Il reste moins de deux mois avant le transfert du pouvoir présidentiel de Biden à Trump. Dans la décision de frapper le territoire russe avec des missiles, il ne semble pas y avoir de trace d'un quelconque détournement par l'administration Biden des "objectifs de paix" de Trump. "Le complexe militaro-industriel semble vouloir garantir le début de la Troisième Guerre mondiale avant que mon père n'ait une chance de faire la paix et de sauver des vies", a tweeté le fils du futur président, Donald Trump Jr. Mais Trump lui-même a gardé un silence significatif. Son futur conseiller à la sécurité nationale, Michael Waltz, a clairement indiqué lors de ses entretiens avec son homologue sortant, Jake Sullivan, que pour parvenir à une négociation favorable, "la dissuasion doit être maintenue" et "l'escalade doit être poursuivie". "Nos adversaires qui voient (le changement d'administration) comme une opportunité et pensent qu'ils peuvent monter une administration contre l'autre se trompent", a déclaré M. Waltz lors d'une interview accordée à Fox News. "Dans cette transition, nous allons de pair, nous formons une seule équipe", a-t-il ajouté.

À Koursk, il y a une course. Les Ukrainiens et l’OTAN veulent conserver leur monnaie d’échange territoriale, tandis que les Russes veulent la leur arracher avant que Trump ne prête serment pour renforcer davantage la position de négociation de Moscou.

Le Kremlin a quatre objectifs : 1 - chasser l'Ukraine des quatre régions qu'elle a annexées afin de s'en débarrasser complètement, 2 - ne pas avoir de soldats de la paix de l'OTAN ou de l'Occident à la frontière qui en résulte, 3 - démilitariser l'Ukraine et rétablir le précepte constitutionnel de neutralité dans la Magna Carta de Kiev, et 4 - abroger les lois anti-russes. Dans le même temps, ces objectifs doivent être atteints sans que la débâcle de l'Occident n'apparaisse de manière flagrante. C'est particulièrement difficile, non pas tant avec Washington – ce qui est également difficile - qu'avec les puissances européennes de l'OTAN, dont la stupidité stratégique et l'insouciance dépassent toute raison.
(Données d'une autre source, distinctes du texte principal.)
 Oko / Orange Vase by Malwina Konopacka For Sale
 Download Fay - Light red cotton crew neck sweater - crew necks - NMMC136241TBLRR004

Les scénarios qui se dessinent en Ukraine sont déjà indissociables des autres guerres et massacres au Moyen-Orient, avec le génocide à Gaza, les massacres en Cisjordanie, la guerre au Liban et ce qui se prépare contre la Chine en Asie. Tout est interconnecté, comme le suggère l’économie de la violence » (économiser en Ukraine pour investir davantage dans le désastre israélien et le front chinois) proclamée par l’imprévisible Donald Trump.

Bien sûr, le monde n’a jamais été aussi proche d’une catastrophe nucléaire depuis la crise des missiles de Cuba – ce qui ne veut pas dire qu’une telle catastrophe est inévitable. Nous ne savons pas quelles seront les conséquences d’une poursuite de l’escalade actuelle de la guerre en Ukraine, car elles sont imprévisibles et, de plus, les choses peuvent facilement échapper à la volonté de ceux qui prennent les décisions. Mais les simples doutes et incertitudes à ce sujet sont trop terribles pour continuer à jouer à la roulette russe.